Cevallos, a civil engineer, explains that corrective maintenance of the submersible structure of the pier is carried out every five years; but in that interval, minor work is carried out on the non-submersible parts, such as changing the wooden deck structure, the fenders and the counterweight beams that keep the pier level.
The works were completed in a period of seven days, and is part of a dock maintenance plan, both for the tugboats and for the floating craft that transport the deck attendants (cable passers) and the pilots in each transit operation through the interoceanic waterway, explains Cevallos.
In the middle of the interview, our young interlocutor pauses…and then resumes with more energy to proudly affirm: “In the Panama Canal we have a very strong maintenance culture, which has allowed us to maintain uninterrupted and safe operations for more than one hundred years”. It is true that this maintenance culture has made it possible for the century-old locks to operate today with the same or greater efficiency than when they made possible the inaugural transit of the steamship Ancon on August 15, 1914.

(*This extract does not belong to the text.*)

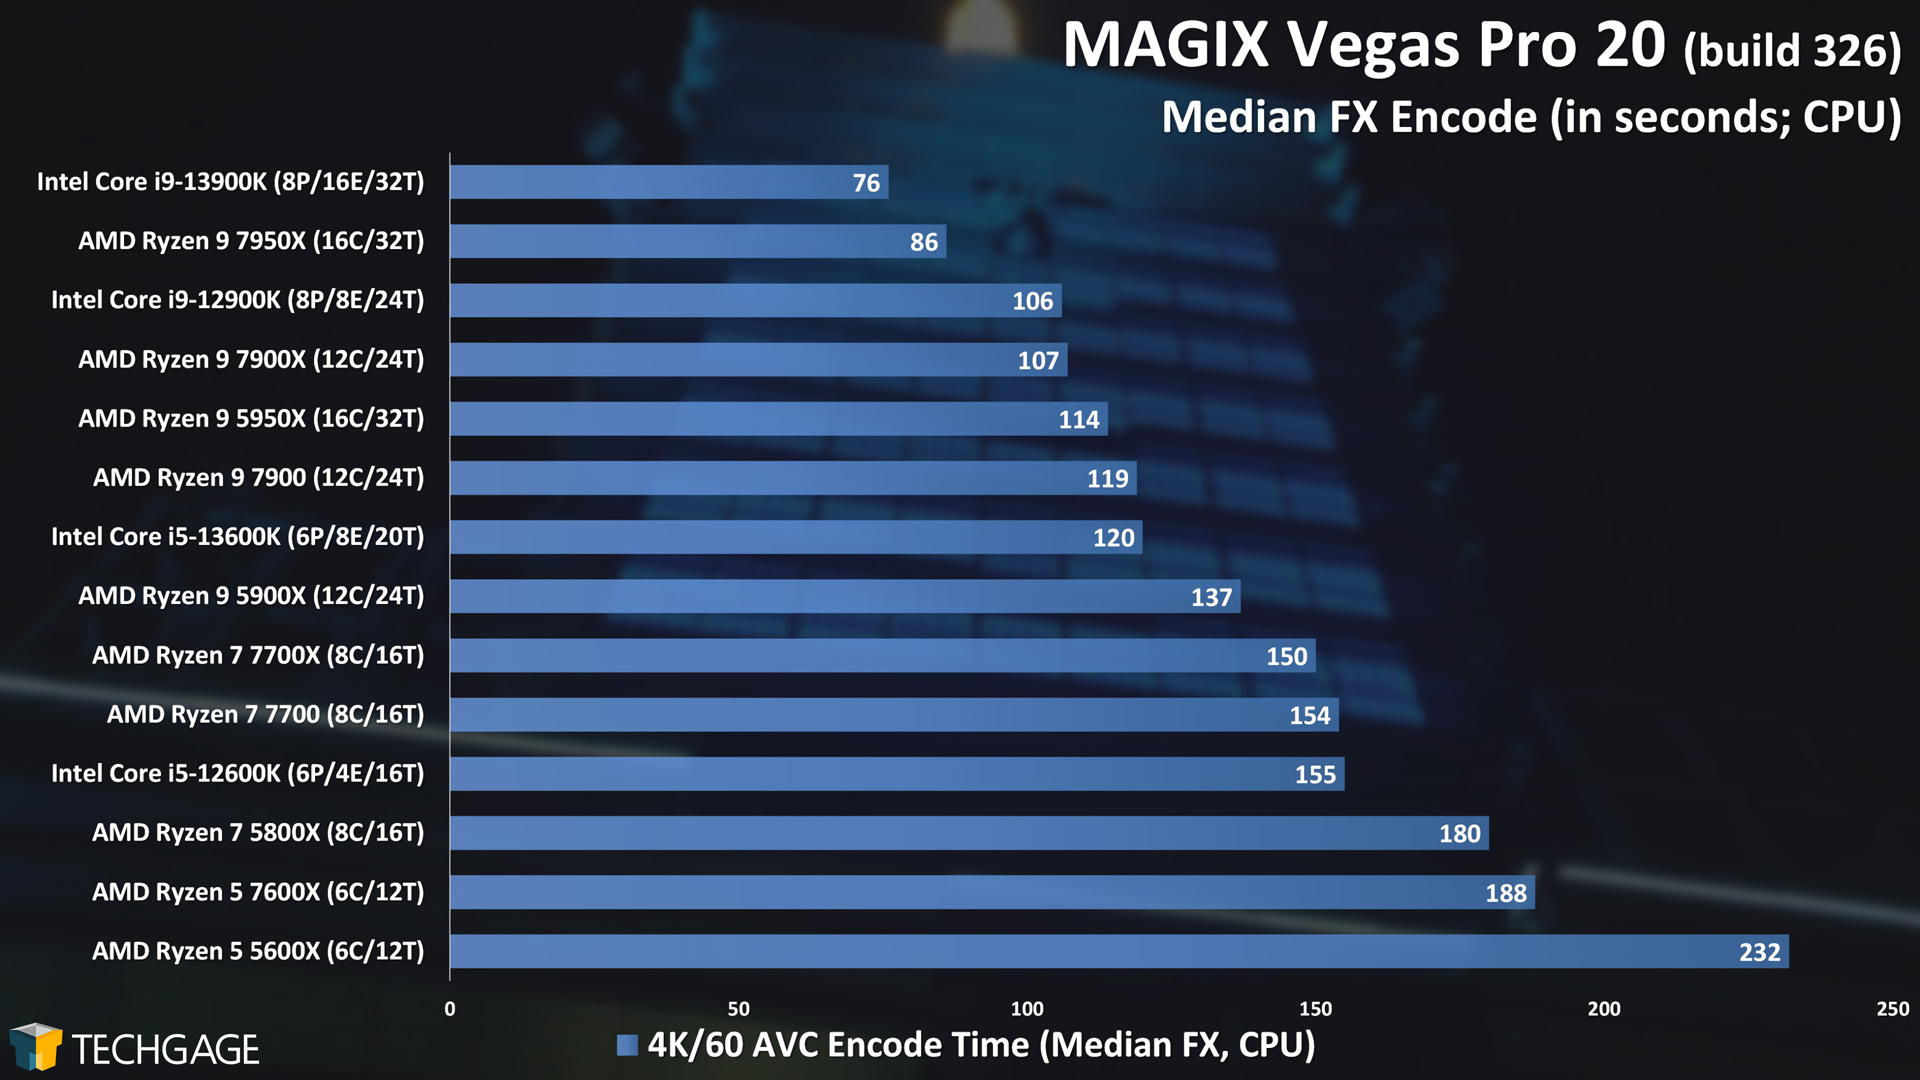 VEGAS Pro - Median FX CPU Encoding Performance

“Here at the Canal we take great care of our structures and equipment. We are proud to contribute to ensure that operations are maintained continuously and safely,” said Cevallos.
Between the second and fourth day of this work plan, the craftsmen prepared the surface of the pontoons with ecological blasting and painting.
This stage is crucial to ensure that the structure to be returned to the water is safe, since residual scale on steel surfaces is not a suitable base for applying modern high-performance protective coatings. It is therefore removed by abrasive blasting with water and sand.
By Thursday, April 15th, the reinforcement weld was applied, while on the seventh day, the wooden deck was installed. This task marked the end of the major maintenance of the Diablo pier.
The following Saturday, at first light and taking advantage of the high tide, the 75-ton capacity land crane 179 returned the heavy floating structure to the water. It will be ready to serve the tug and floating craft crews for the next five years, which may mark its end, after some 60 years of service, to make way for a new structure.